The FDA granted expanded clearance to the Paxman Scalp Cooling System, allowing the device to be used by patients with any type of solid tumor.
The Paxman Scalp Cooling System (Paxman) — designed to reduce hair loss among patients who undergo chemotherapy — received clearance last year for use among patients with breast cancer.
“Scalp cooling has been a real game changer for so many of our patients with breast cancer, minimizing the risk of one of the most dreaded side effects of chemotherapy,” Steven Jay Isakoff, MD, PhD, medical oncologist at Massachusetts General Hospital Cancer Center, said in a press release. “Thanks to the recent expanded FDA indication for the Paxman Scalp Cooling system, so many more patients with solid tumors in the US can now consider this option as a safe and effective way to keep their hair during chemotherapy. We are already working on plans to make this available to all of our patients with solid tumors.”
The Paxman system reduces the temperature of the scalp by a few degrees immediately before, during and after the administration of chemotherapy.
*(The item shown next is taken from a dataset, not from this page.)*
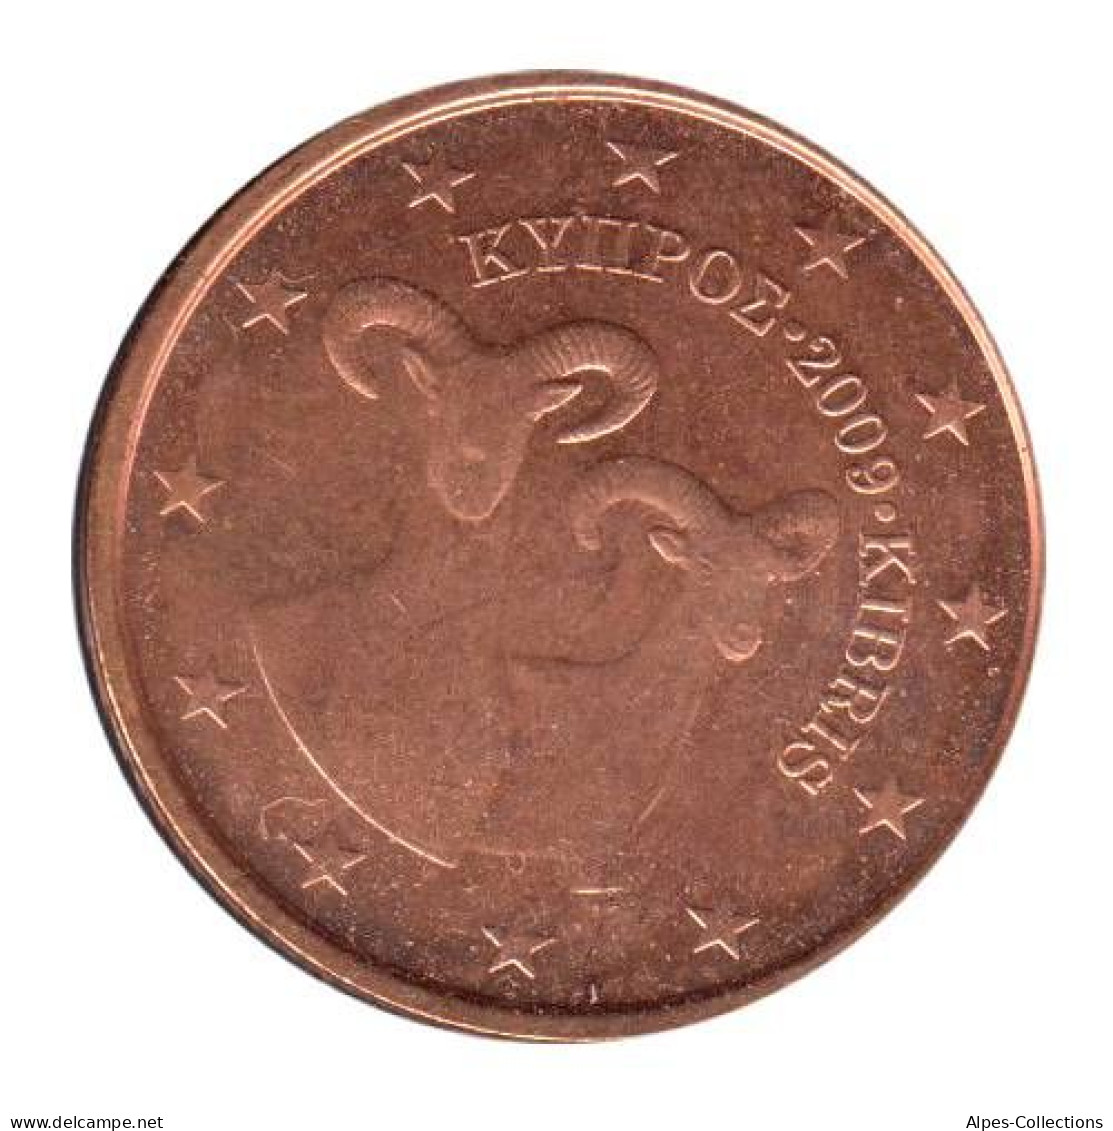 CH00209.1 - CHYPRE - 2 Cents D'euro - 2009 - Cyprus

The device is intended to reduce the amount of chemotherapy that reaches the hair follicles, reduce drug diffusion through the cell membrane, decrease cell division, reduce active transport mechanisms and generally reduce metabolic activity.
Paxman has installed approximately 225 scalp cooling systems in the United States since its initial FDA clearance last spring. Another 65 systems are awaiting delivery and installation.
“This is another step forward in making cancer therapy more personalized and putting the patients in the driver’s seat as we create more options and pathways our patients,” Debu Tripathy, MD, professor in and chairman of the department of breast medical oncology at The University of Texas MD Anderson Cancer Center, said in the release.